# Fun dog show. 27th August, near Dartford,kent



## Tollisty (May 27, 2008)

Fun dog show, 19 novelty classes including fancy dress, best rescue, best crossbreed, etc.

The Ship Inn
Green st. Green
Darenth
Kent
DA2 8DP

Entries from 11.00, Judging starts 12.00

Rosettes to 6th place and a prize for every class winner.

Refreshments available.

Proceeds to Animal samaritans


----------



## PennyH (Dec 30, 2008)

We are hoping to go along. Do you know if there is parking close to the ring as my husband cannot walk too far as he is disabled?


----------



## Tollisty (May 27, 2008)

The parking is just outside the pub.
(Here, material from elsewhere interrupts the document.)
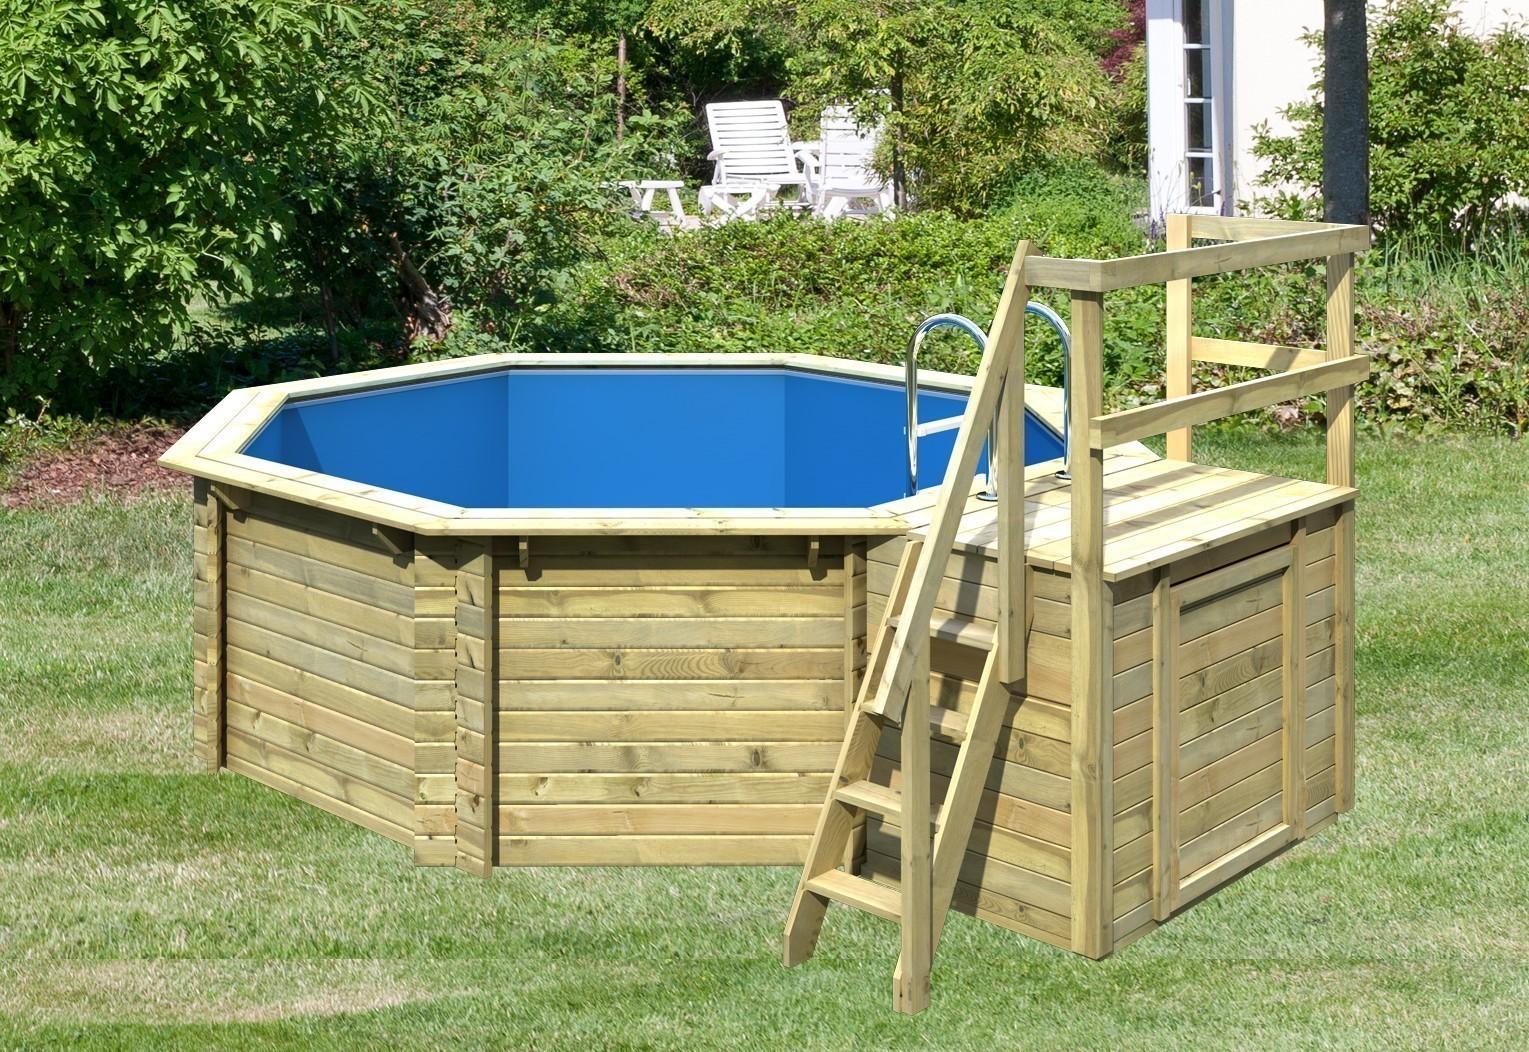 Karibu Pool Classic Modell 1 Variante B kdi 400x480cm Bild 1

Not far.


----------



## jessicalily1 (Aug 18, 2011)

Hi, I have a nearly 18 weeks old standard labradoodle bitch. Do you think she is old enough to take part in the competition for the best crossbreed? If they allow a puppy to take part in the competition, what sorts of requirements does she need to get in? Many thanks.


----------



## Tollisty (May 27, 2008)

It's not held under KC rules, so any dog can enter


----------



## charliedp (Aug 22, 2011)

Hi there

I have 4 dogs I'd like to bring - re. the parking - can you tell me a bit more information - I normally leave the boot open for them but obviously don't want them parked out of view or left on a main road.

Thanks
Dawn


----------



## Tollisty (May 27, 2008)

The parking is on grass just outside the pub, you can't see the cars from the ring. The show is in the garden of the pub. There isn't much shade in the car park.


----------